К духоте добавилось головокружение. Блики дрожали на черных крыльях, словно бражник лениво помахивал крыльями, пытаясь взлететь, но взлететь не мог, как и Марго хотела бы убежать — да ноги приросли к полу.
— Дела минувшие всегда окутаны тайной, — ответил Дьюла. — И нет большей тайны, чем пришествие чумы. За короткий срок эпидемия выкосила больше половины империи, и имена первых зараженных были преданы забвению, а остальные — те, кто пережил болезнь, кто провел обряд очищения и основал ложу «Рубедо», — поклялись молчать. Ваш отец, баронесса, хорошо знал цену молчания, от этого зависела его и ваша жизнь. Жаль, вы пошли не в него… — Вздохнув, епископ повернул стилет и протянул рукоятью Марго. — Возьмите. Это по праву ваше, хотя я надеялся найти…

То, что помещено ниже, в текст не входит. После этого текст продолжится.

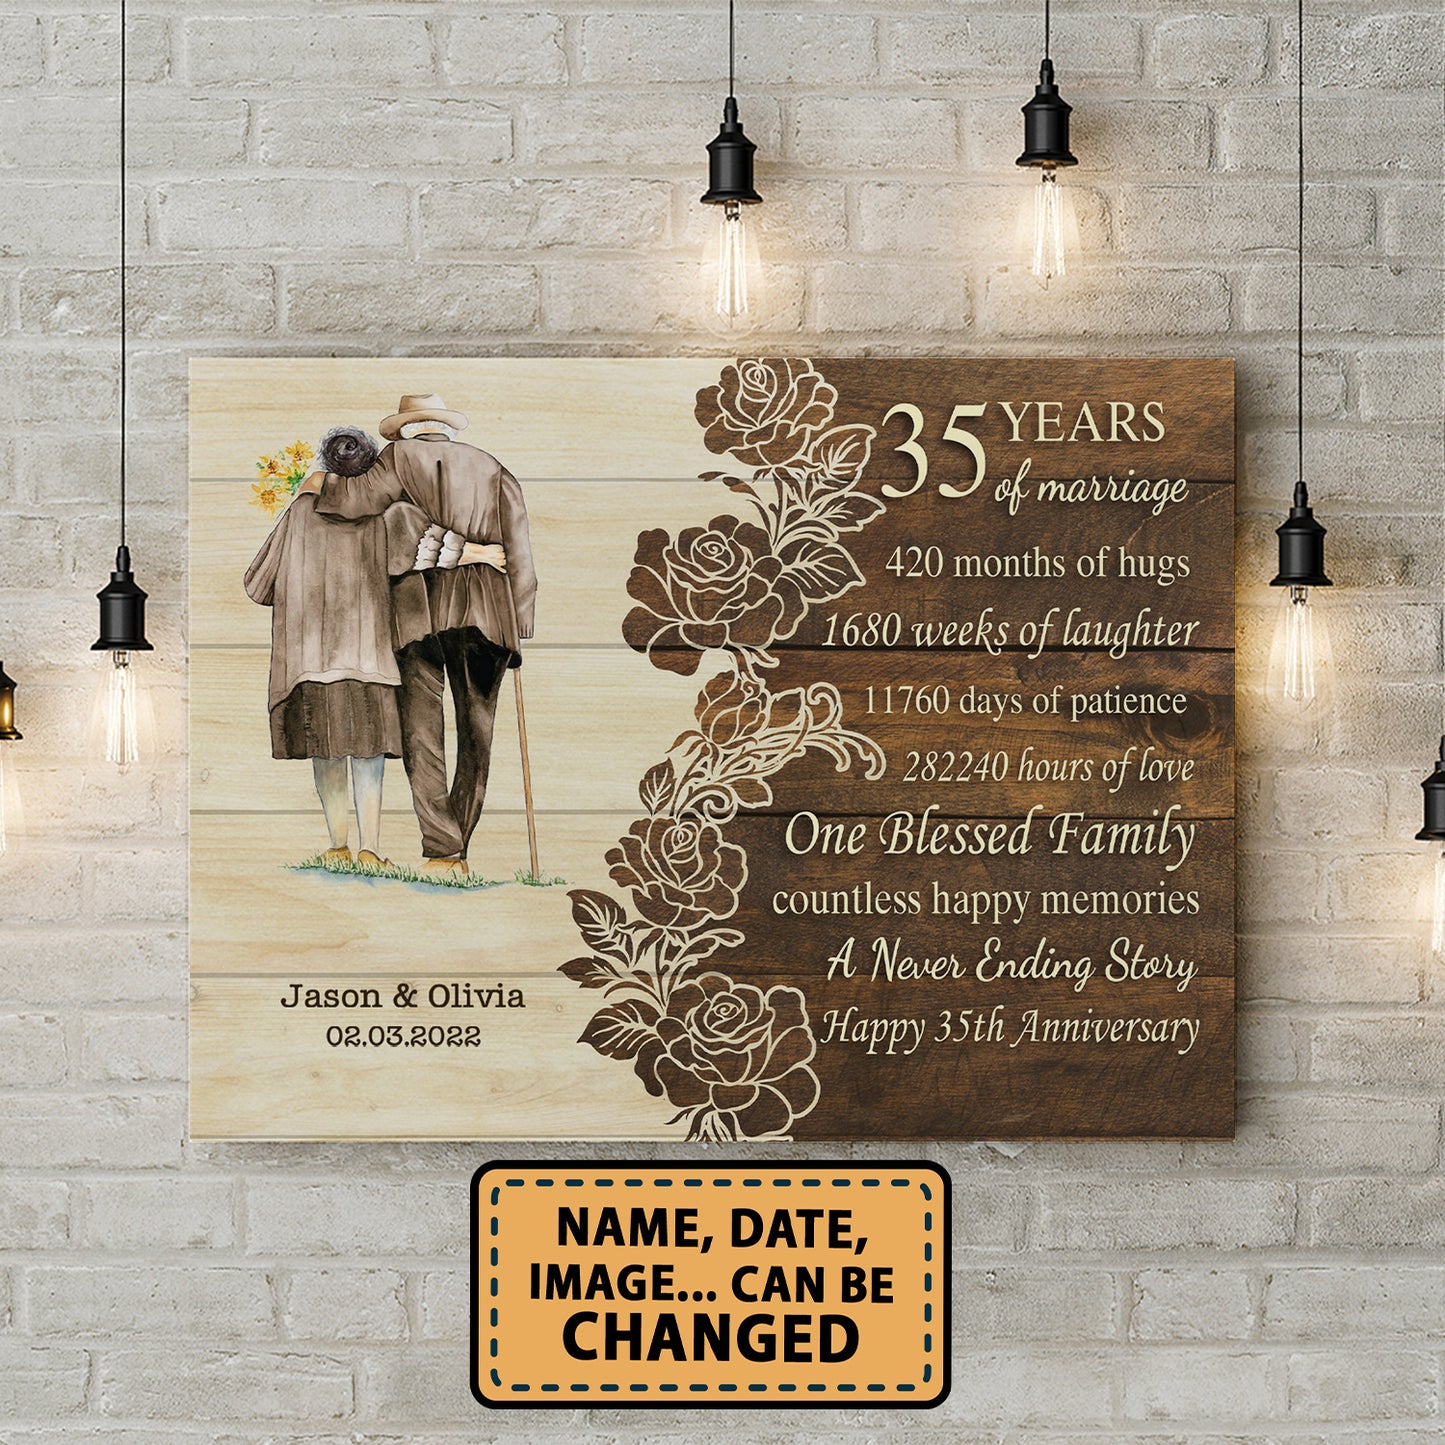 Happy 35th Anniversary 35 Years Of Marriage Personalizedwitch Canvas

— Найти что? — машинально переспросила Марго, спешно перехватывая стилет — теперь ей казалось, что тельце мотылька, — нагретое руками епископа, упругое и почти живое, — таит в себе зерно болезни, и на шее выступил холодный пот.
— То, что ваш отец украл у Эттингенов, — тихо сказал Дьюла. — То, из-за чего он бежал из Авьена, из-за чего его убили по приказу его величества кайзера.
— Как?! — вскричала Марго.
Пламя свечей дрогнуло, дымно-серые струйки потекли к потолку, и тени исказили печальное лицо Генриха Первого: не лицо — уродливую морду горгулии.
— Да, несчастное мое дитя, да, — голос епископа смягчился, рука погладила щеку — уже не грубо, почти лаская. — Ваш отец верой и правдой служил императору и входил в ложу «Рубедо». Прекрасный, честнейший человек! Как и все мы, он хранил древнюю тайну Эттингенов. Как и мы, трудился на благо империи, пытаясь создать лекарство, которое навсегда бы уничтожило болезни.
— Как и доктор Уэнрайт! — в замешательстве перебила Марго и сжала стилет.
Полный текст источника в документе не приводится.